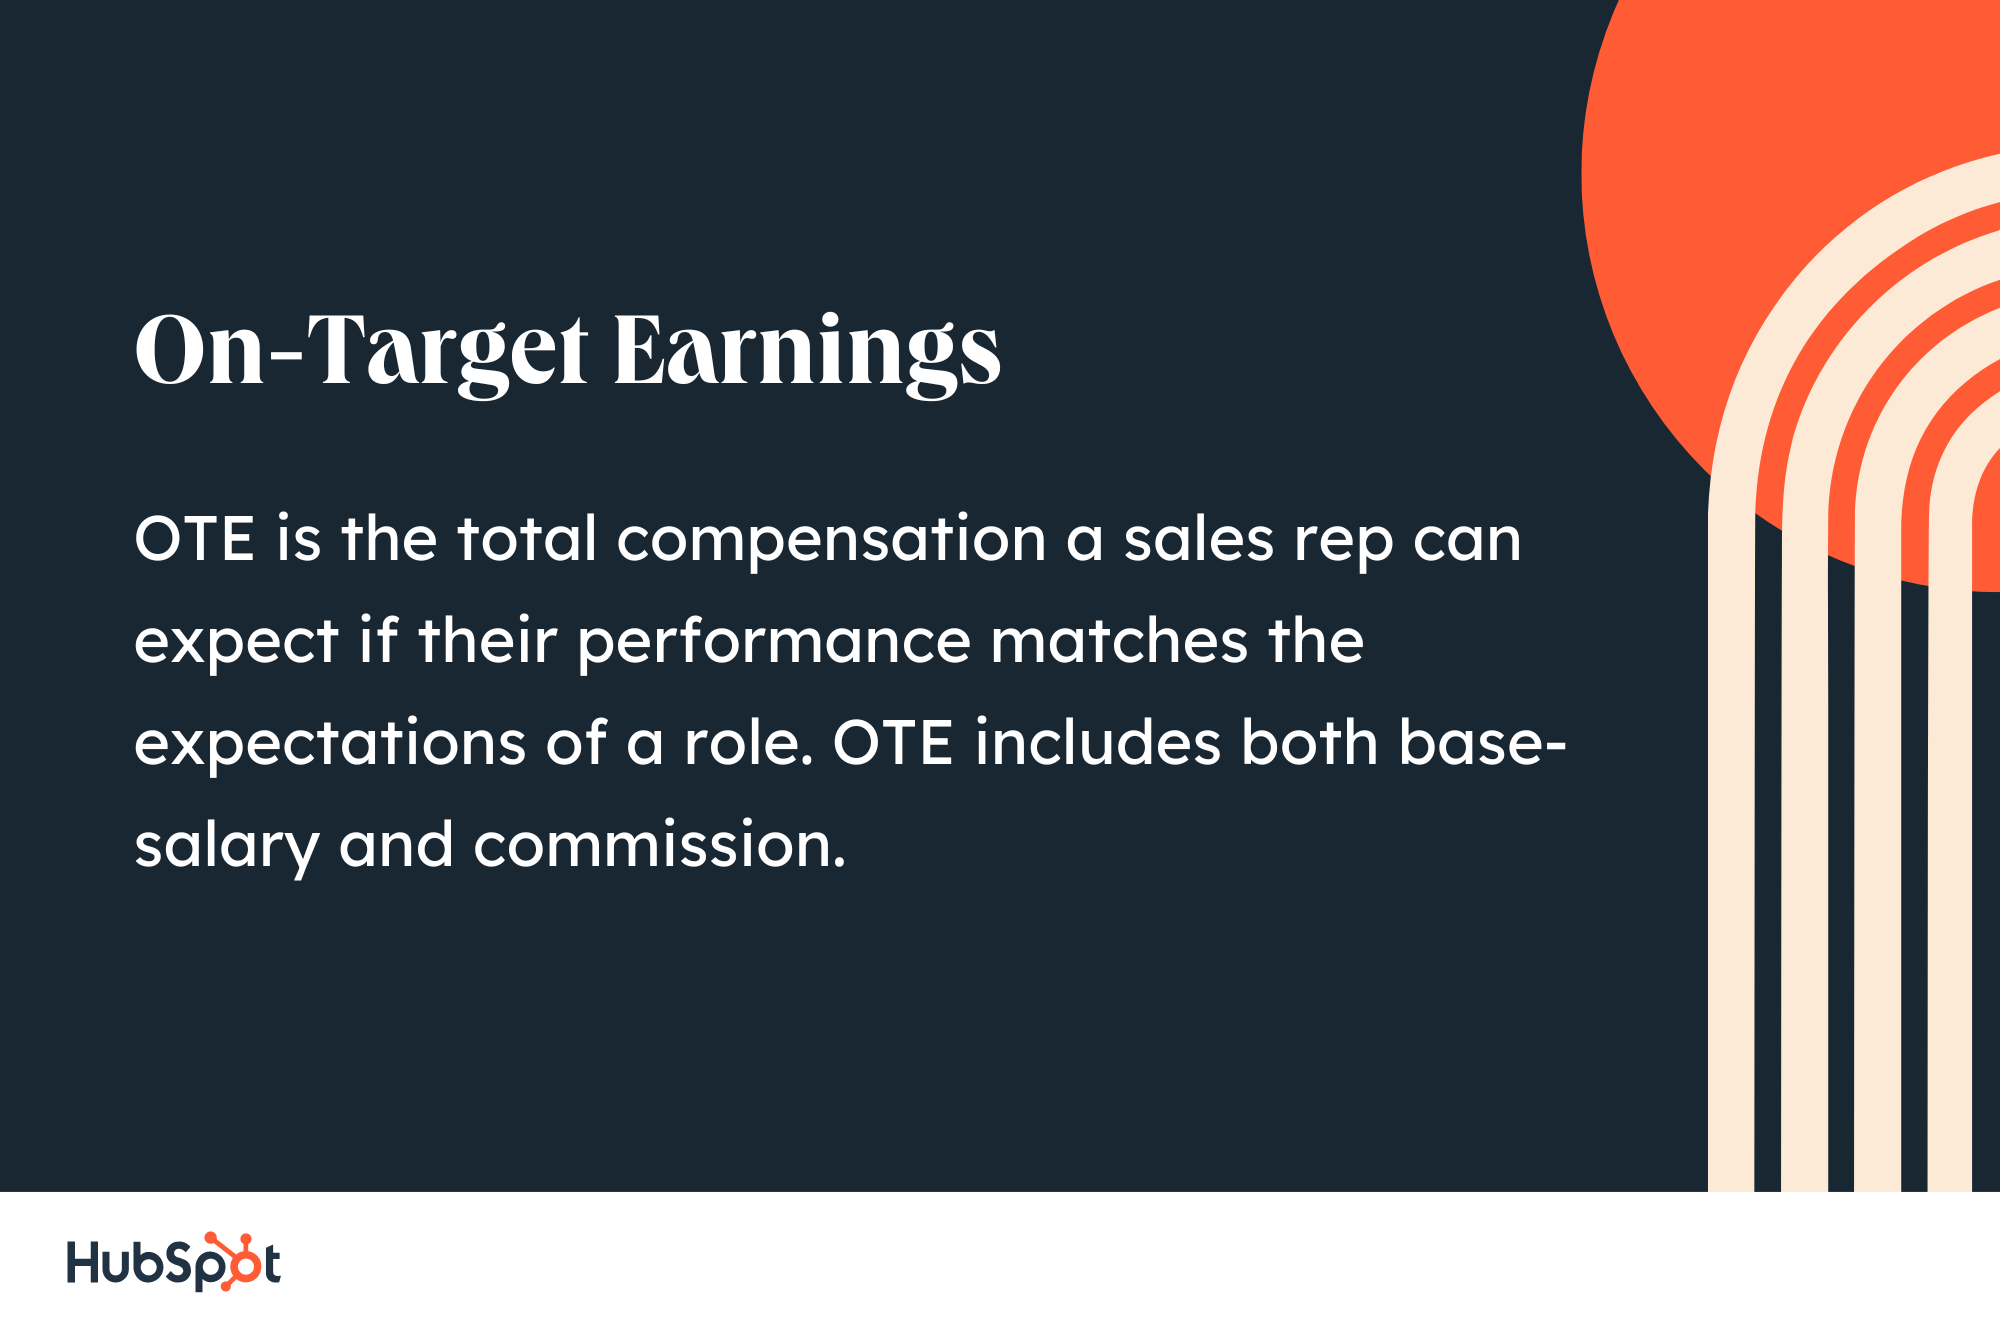 on-target earnings, OTE is the total compensation a sales rep can expect if their performance matches the expectations of a role. OTE includes both base-salary and commission.on-target earnings, OTE is the total compensation a sales rep can expect if their performance matches the expectations of a role. OTE includes both base-salary and commission. 
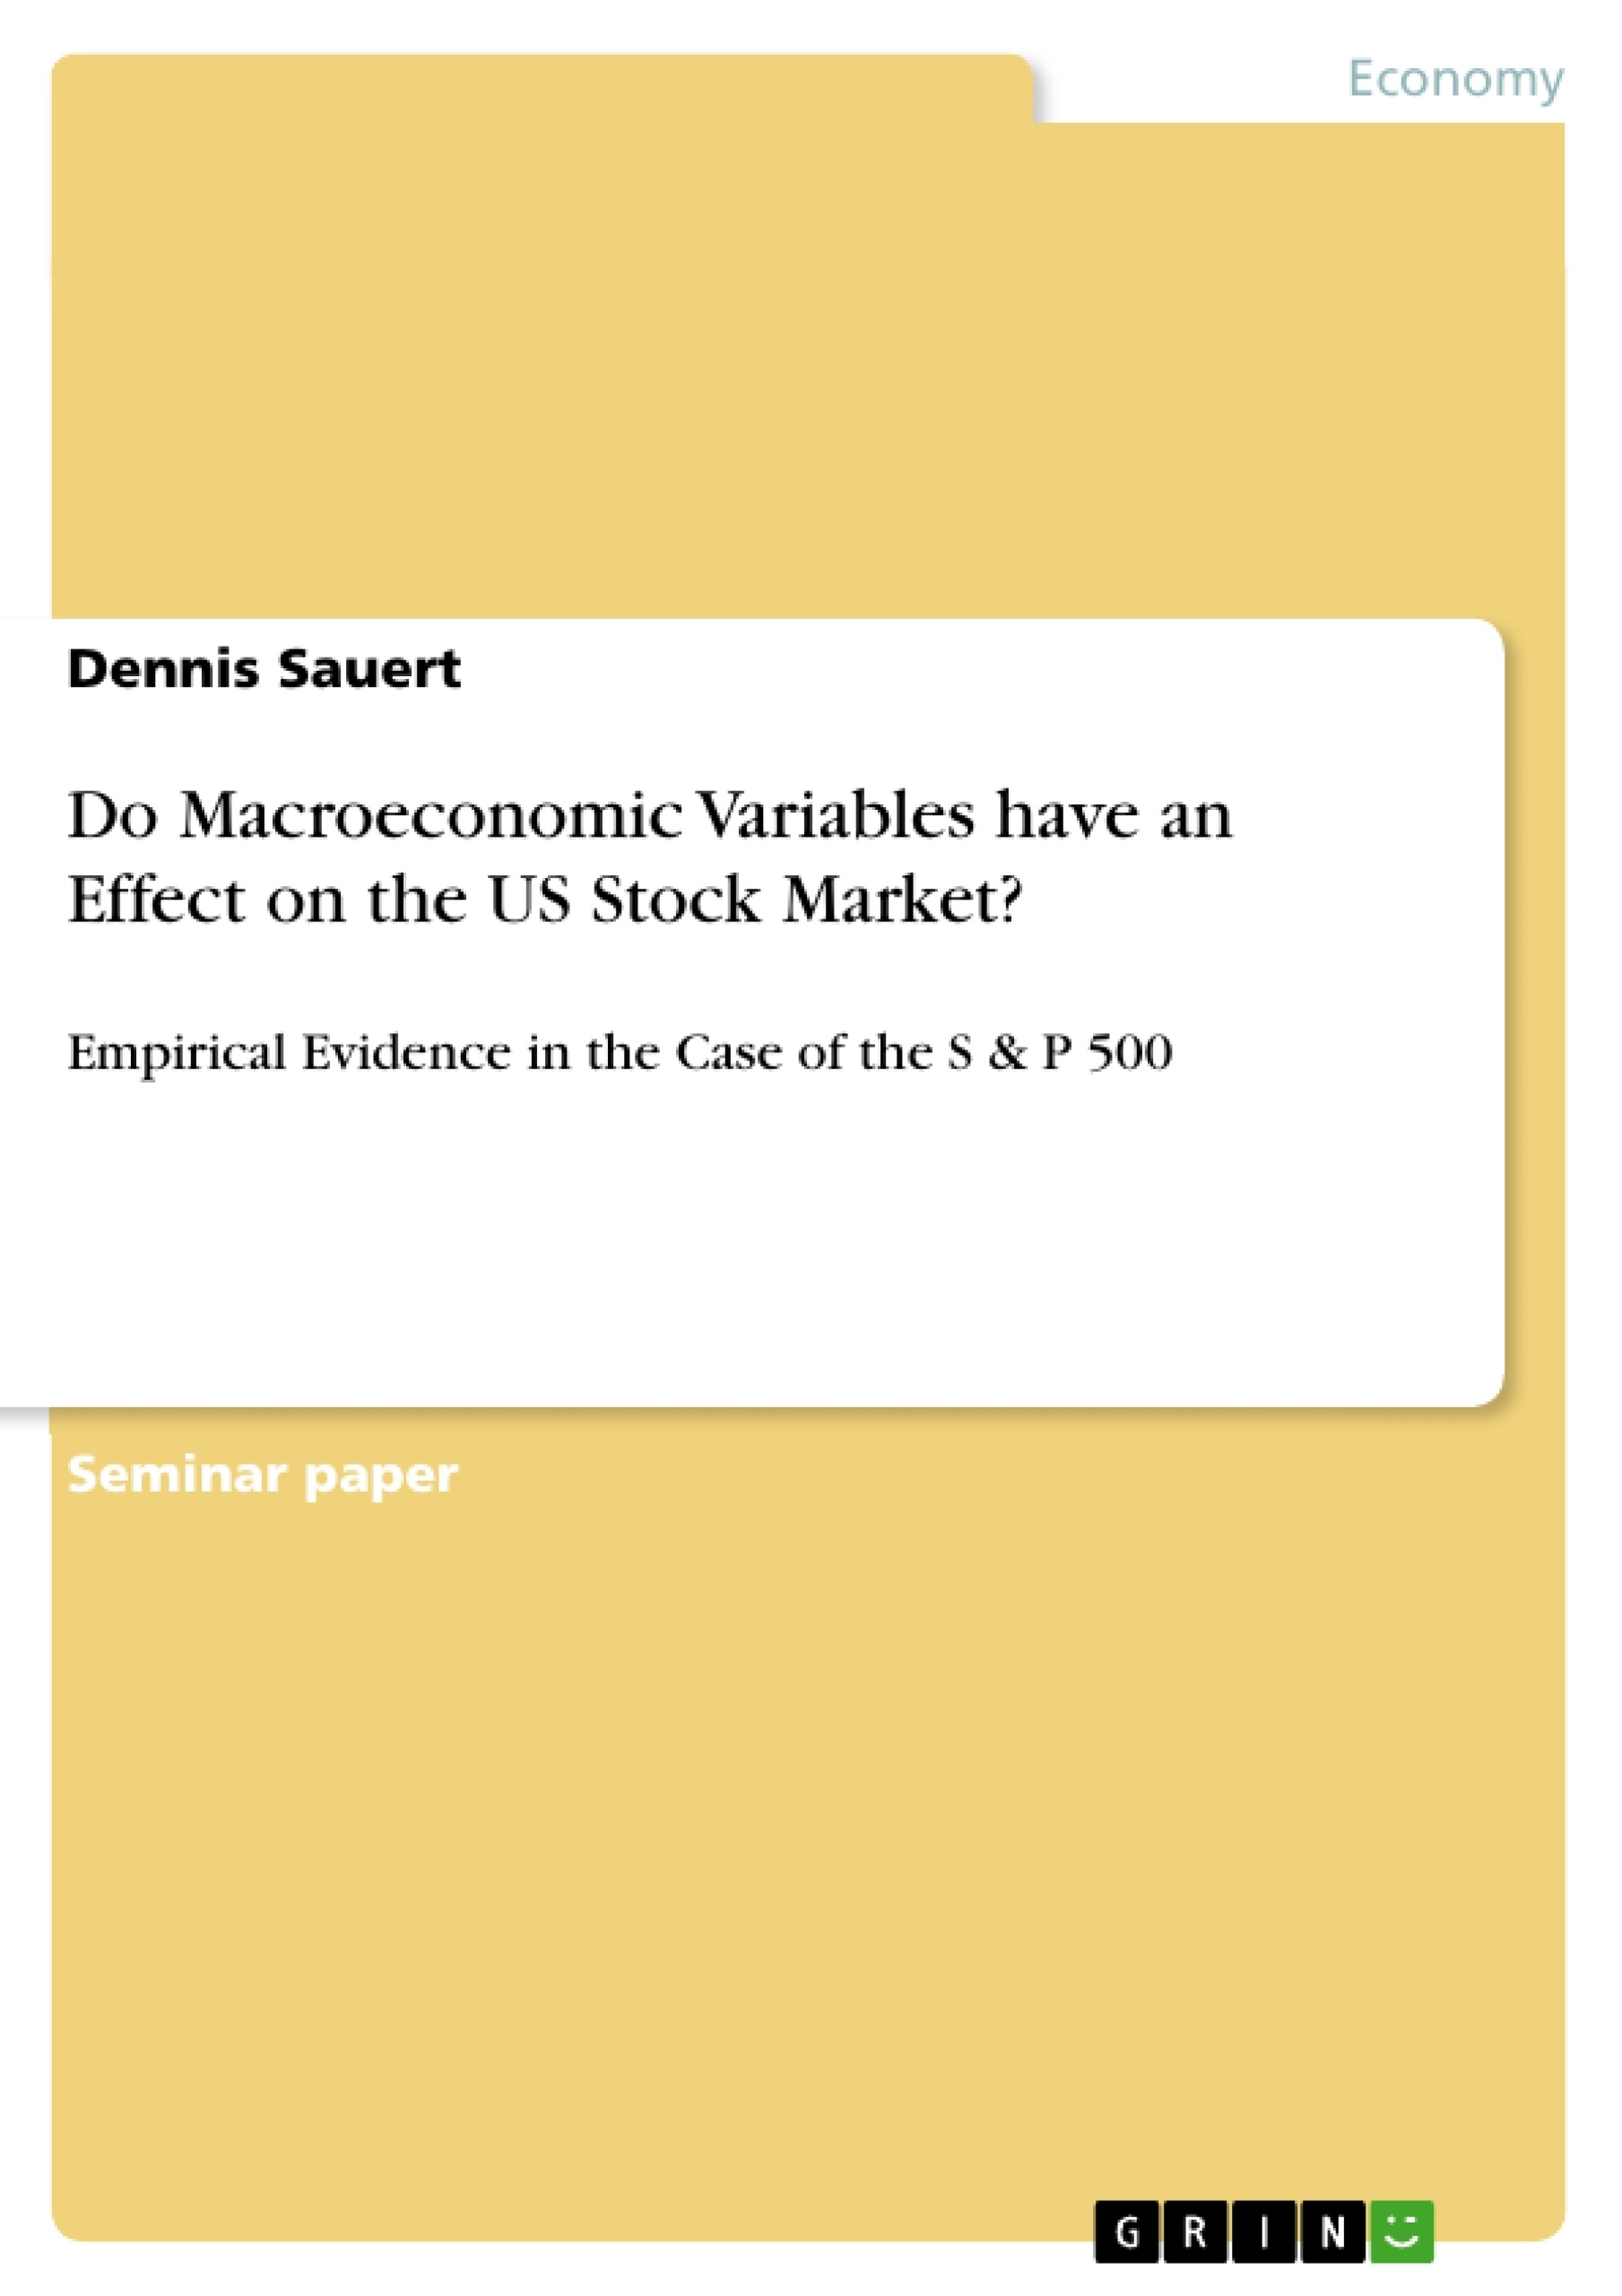 Título: Do Macroeconomic Variables have an Effect on the US Stock Market?
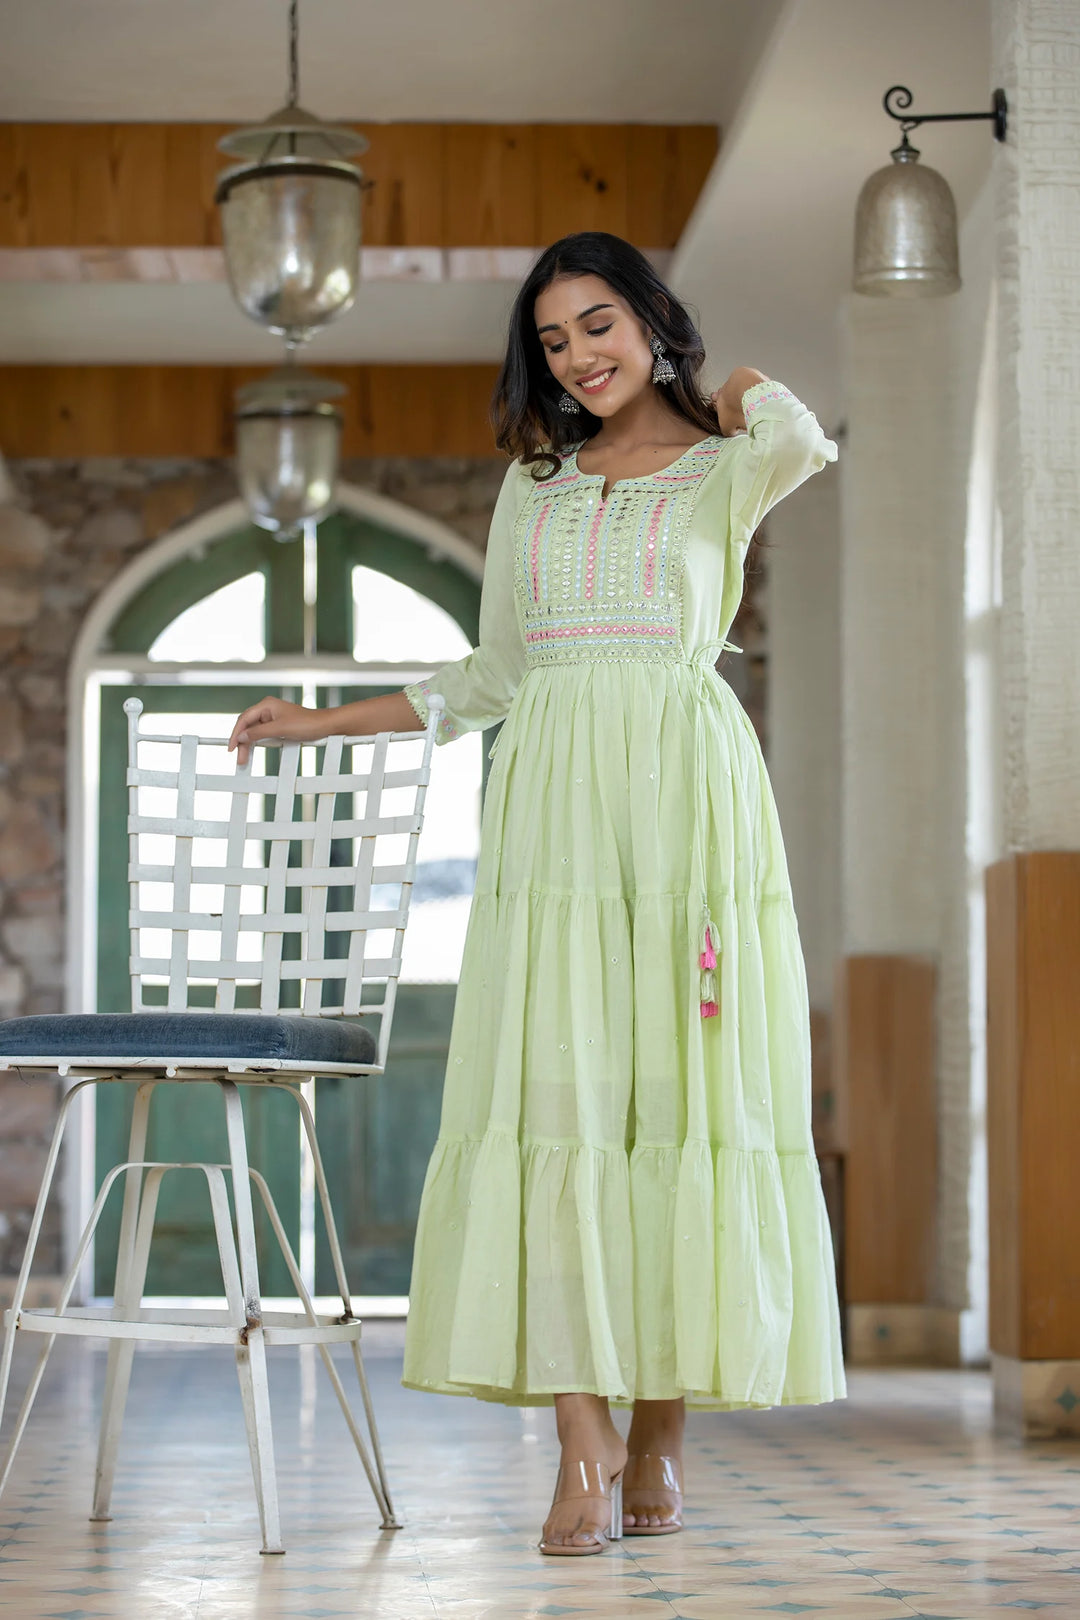 Buy Green Ethnic Dress for ladies | Best Indian Traditional Dress for Women Online

# Task to complete:
Could you repeat all of the material exactly? Pictures should not be copied.

# Task output:
 on-target earnings, OTE is the total compensation a sales rep can expect if their performance matches the expectations of a role. OTE includes both base-salary and commission.on-target earnings, OTE is the total compensation a sales rep can expect if their performance matches the expectations of a role. OTE includes both base-salary and commission. 
 Título: Do Macroeconomic Variables have an Effect on the US Stock Market?
 Buy Green Ethnic Dress for ladies | Best Indian Traditional Dress for Women Online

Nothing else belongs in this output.